Lernen im 21. Jahrhundert – eine Sache für die ganze Gesellschaft!
Die dahinter liegenden Fragen für die engagierte Lehrkraft waren: wie kann interessensbasiertes, projektorientiertes und fächerübergreifendes Lernen im Schulalltag gut gelingen? wie gut können sich Schüler:innen auf selbständige Team- und Gruppenarbeit einlassen, ohne dass am Ende Stifte und Stühle fliegen? Unter welchen Voraussetzungen kann das eine Lehrkraft leisten, die i.d.R. für ca. 30 Schüler:innen zuständig ist?
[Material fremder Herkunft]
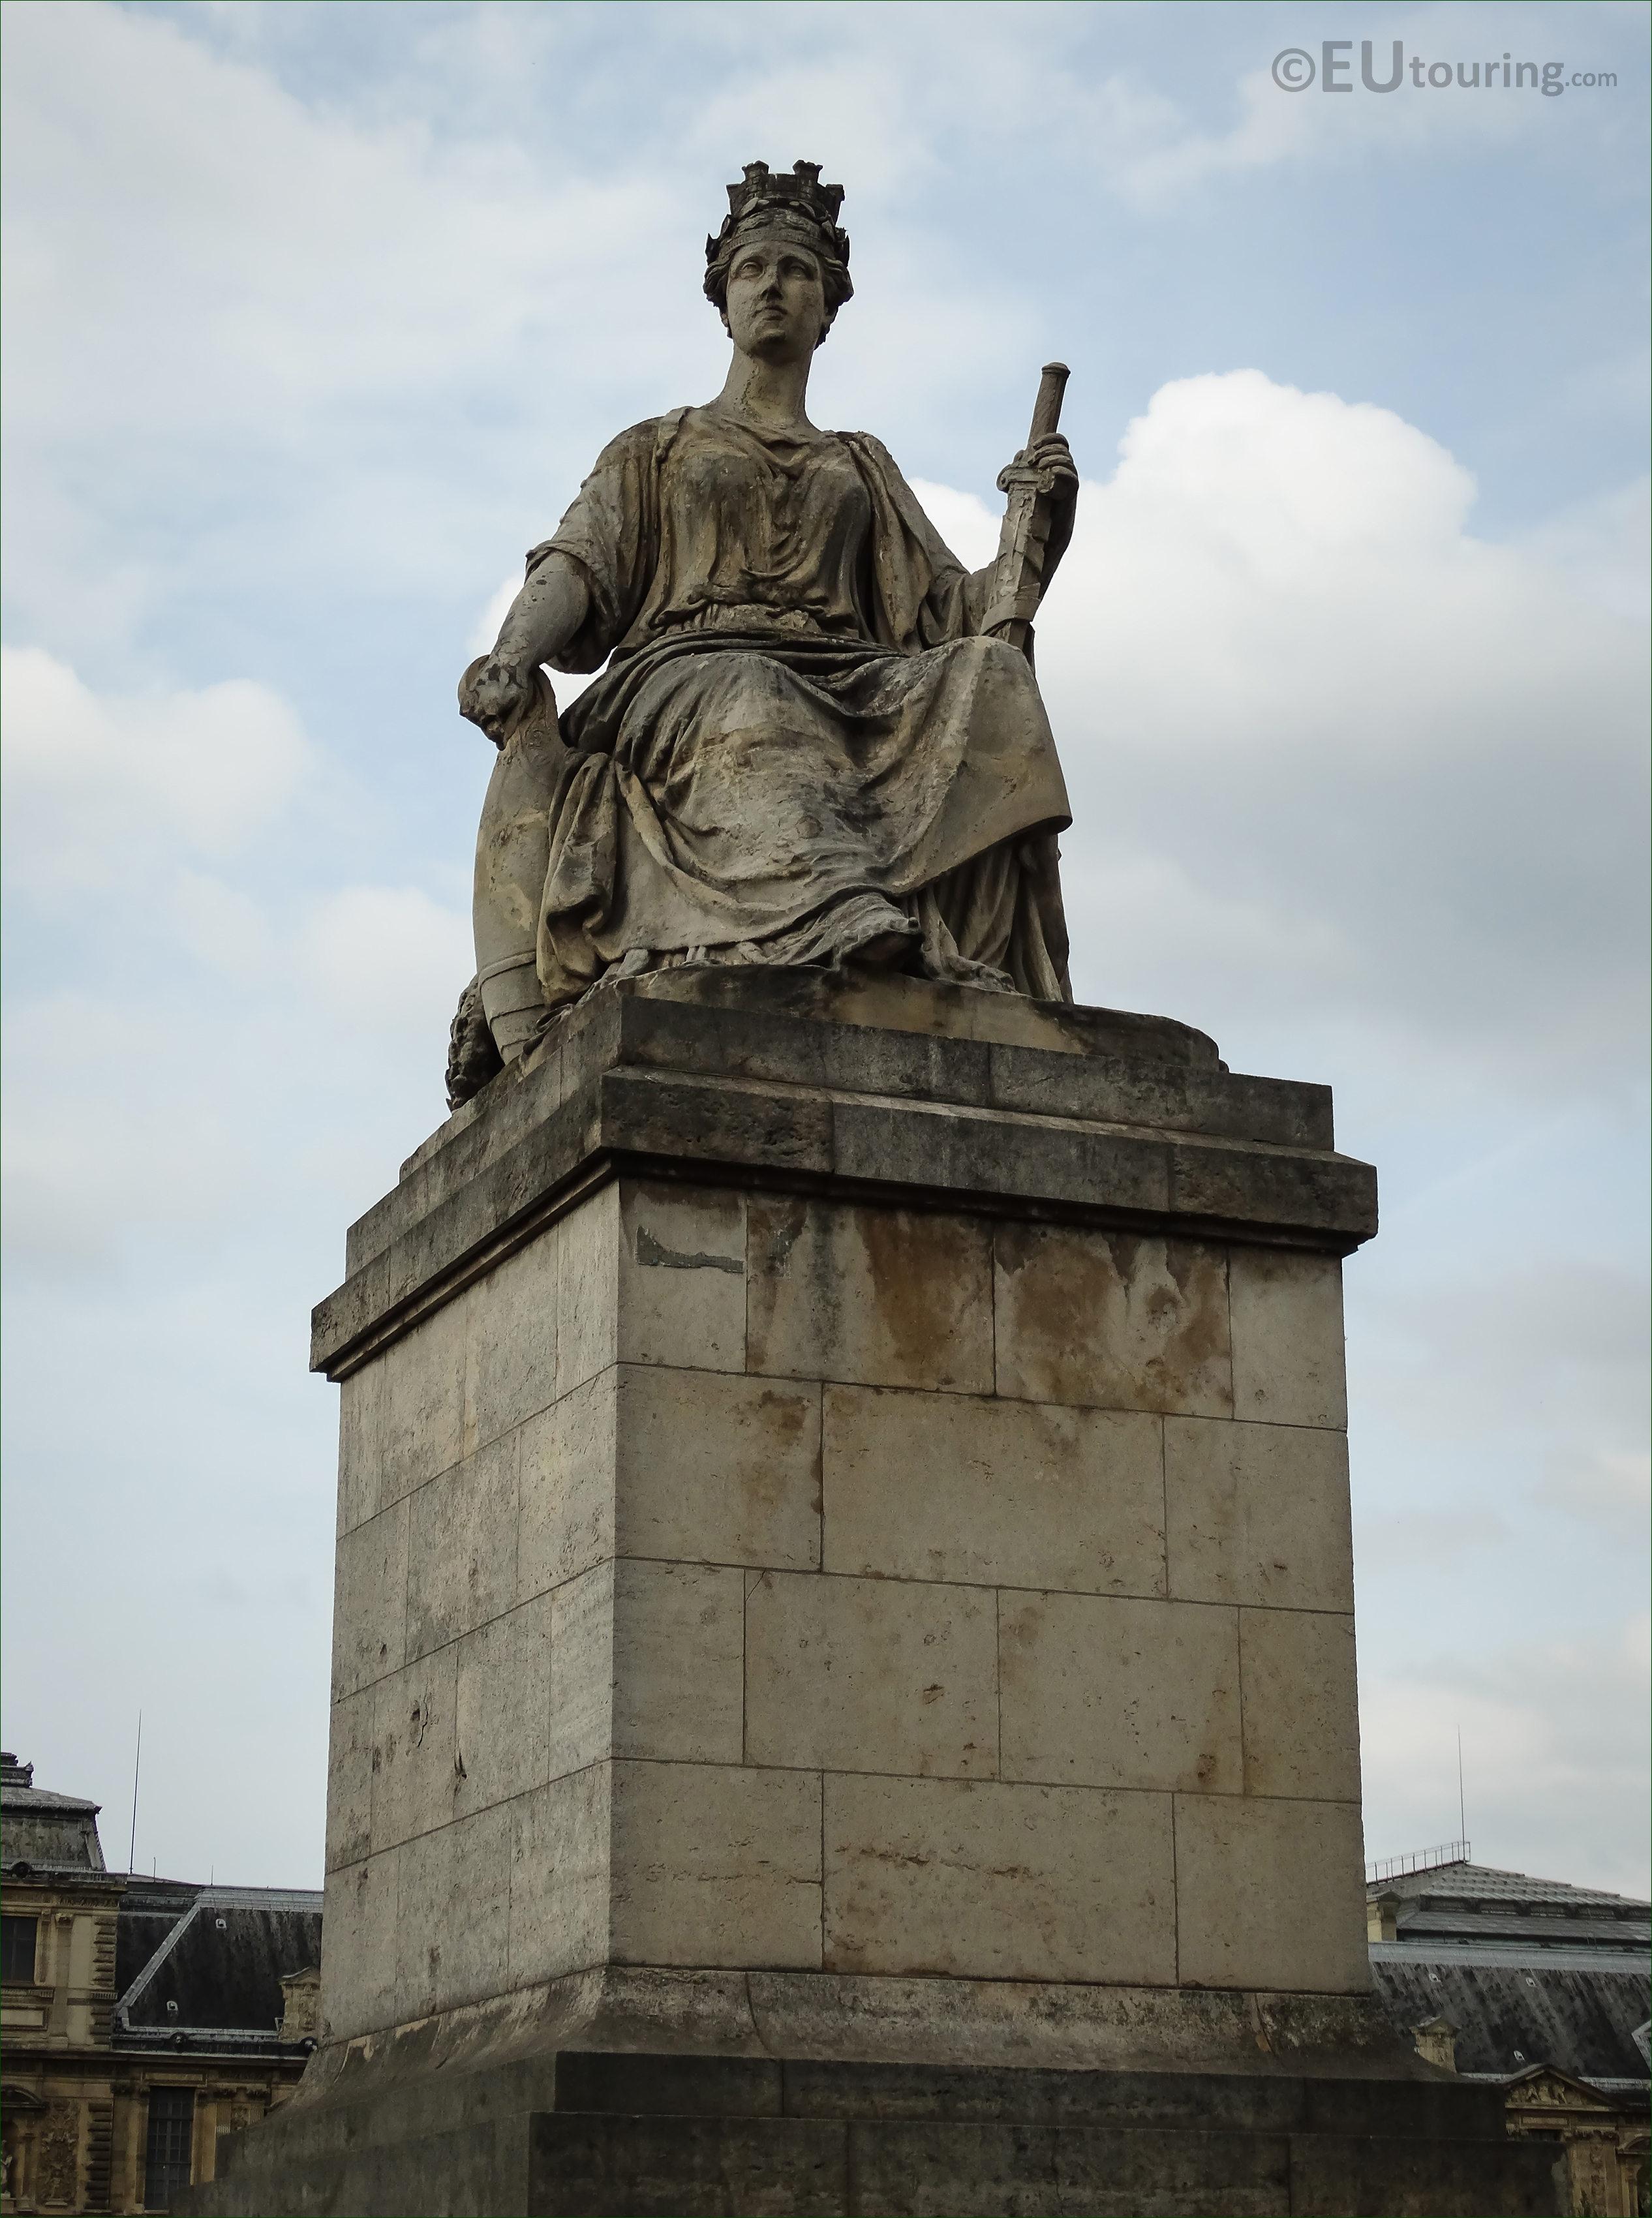 Photos of La Ville de Paris statue on the Pont du Carrousel - Page 291

Diese Fragen sind Kernelemente der Verordnung zu Bildung für nachhaltige Entwicklung an Schulen, die auch in NRW gilt, jedoch in der Umsetzung noch sehr viel Luft nach oben hat.
Diese Fragen sollten nicht nur Lehrer:innen und Schulen beschäftigen, sondern uns als Gesellschaft. Damit ist gemeint: uns als Mütter und Väter, uns als Mitarbeitende in Unternehmen, uns als Gestalter:innen von nachhaltigen Ansätzen und Maßnahmen, uns als zivil engagierte Bürger und Bürgerinnen. Denn eines ist klar und auch explizit im Nationalen Aktionsplan Bildung für nachhaltige Entwicklung verankert: Schule und Außenwelt müssen verstärkt aufeinander zugehen – durch die Kooperation mit außerschulischen Bildungsakteuren, die Vernetzung mit Expertinnen aus Forschung, Wirtschaft, Kultur und die Einbindung von engagierten Begleitern. Dann wird möglich, was lernen im 21. Jahrhundert ausmacht und was die Kinder & Jugendlichen von heute als Gestalter:innen der Zukünfte brauchen: Erkenntnisse, Werte und Fähigkeiten, um in einer sich stark verändernden Welt selbstbestimmt, transformativ und verantwortungsvoll zu denken und zu handeln. Lernen fürs Leben eben.